Both projections showed a close race for the last couple of months. That dynamic made sense, because Bredesen is a former two-term governor and so would be likely to start out ahead of where a more generic Democrat would start out.

But about 40 days before Election Day, Blackburn began to really gain steam. Part of the movement is likely the result of the Kavanaugh hearings. Tennessee is a red state, so increased Republican enthusiasm for Kavanaugh may generate net votes for Blackburn (i.e., if pro-Kavanaugh sentiment energized Republicans and anti-Kavanaugh sentiment energized Democrats, the overall math might favor Republicans in a state as red as Tennessee).

But Kavanaugh may not be the whole story. The race might have headed in this direction even if Anthony Kennedy hadn’t retired and Kavanaugh had never been nominated.

I did a “fundamentals-only” projection of this race—I basically asked the model to look at the Tennessee only using non-head-to-head polling factors. There are a lot of ways to generate fundamentals based forecasts (e.g. I don’t use fundraising data in mine and others do), and different methods will produce different results. But my forecast suggests that the Republican in this race should be at least a 2-to-1 favorite (in terms of odds) in a race like this one.

Moreover, Trump’s approval rating was a net 20 points more positive than negative in September’s Morning Consult survey. If we assume that Bredesen is a solid candidate who could convince a modest chunk of Trump supporters to back him, you might arrive at something like the high single digit lead that Blackburn enjoys now.

Put simply, this race might be heading towards the sort of outcome that non-polling factors suggested all along – a strong but not unbeatable Blackburn advantage.

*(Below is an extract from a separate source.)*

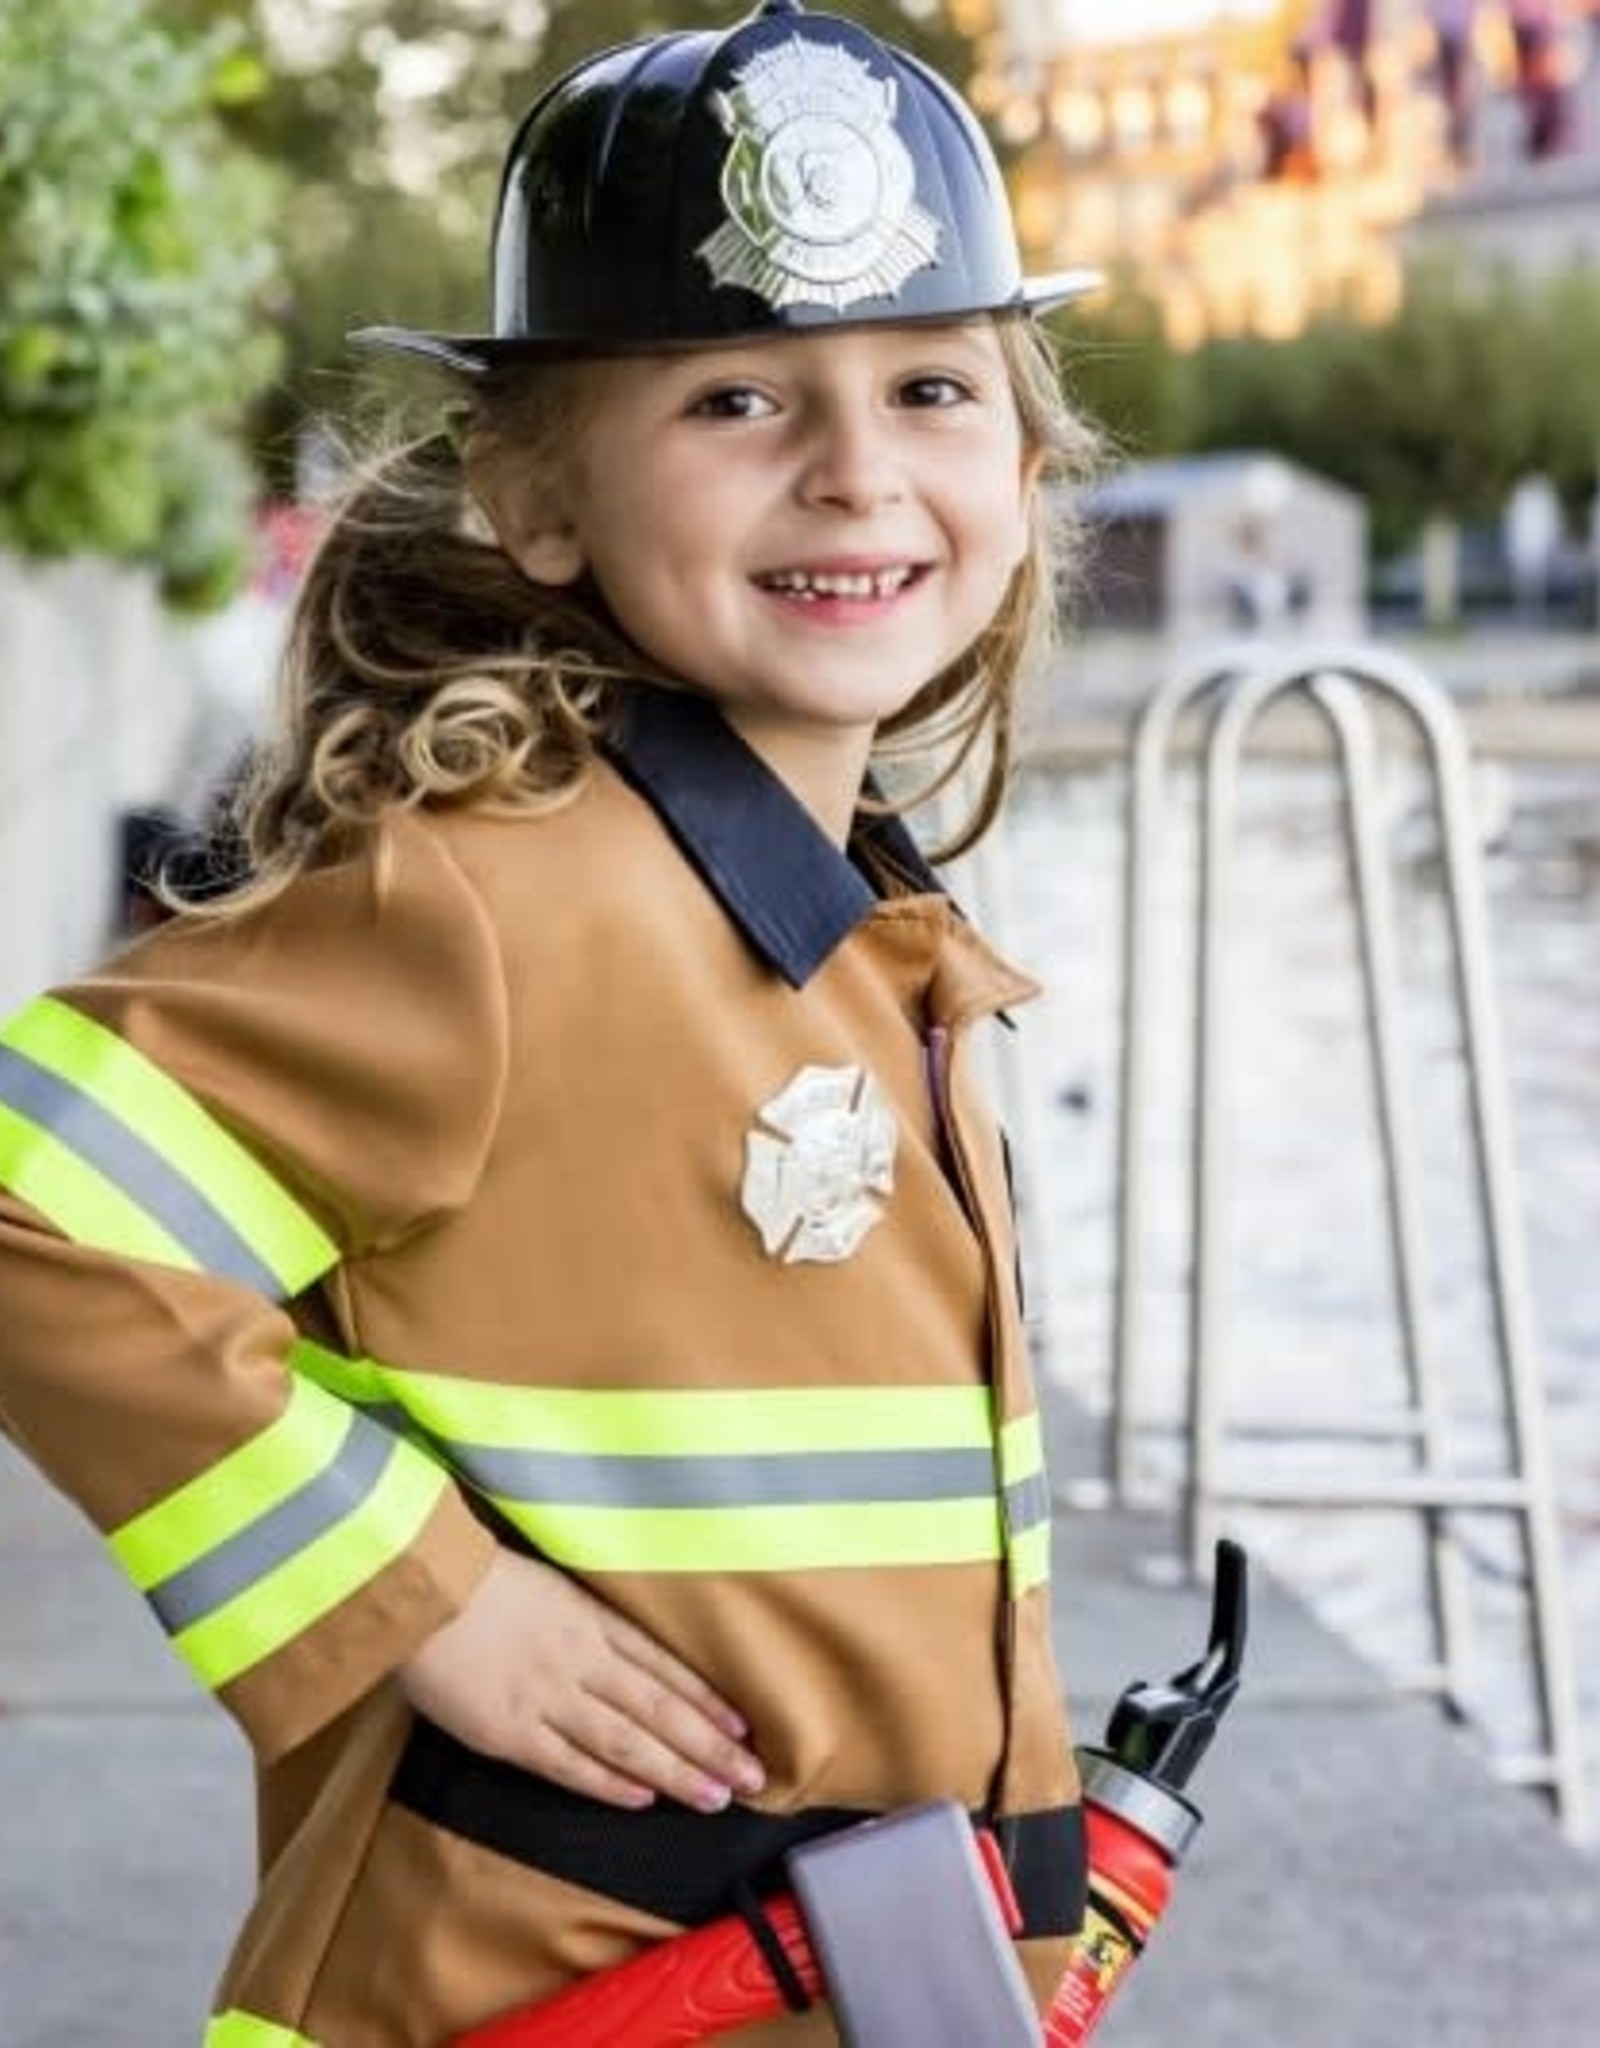 Great Pretenders Firefighter Set, Includes 5 Accessories, Tan, Size 5-6

That puts Marsha Blackburn in sort of a Hillary Clinton zone—the major indicators favor her and she has a real advantage, but it’s not a large enough advantage to rule out an upset. Candidates who are in this zone really do win much more often than they lose, but (maybe obviously after 2016) it’s not a guarantee.

And stubborn races like this are part of the reason that the GOP’s overall win probability has been hovering at around 80 percent in our model. Blackburn is very much the favorite in this race. But she, like Texas Sen. Ted Cruz and (to a lesser extent) North Dakota Rep. Kevin Cramer, haven’t yet totally put away their opponents. They’re all real favorites in their respective races, but they’ll all have to keep plugging away through Election Day.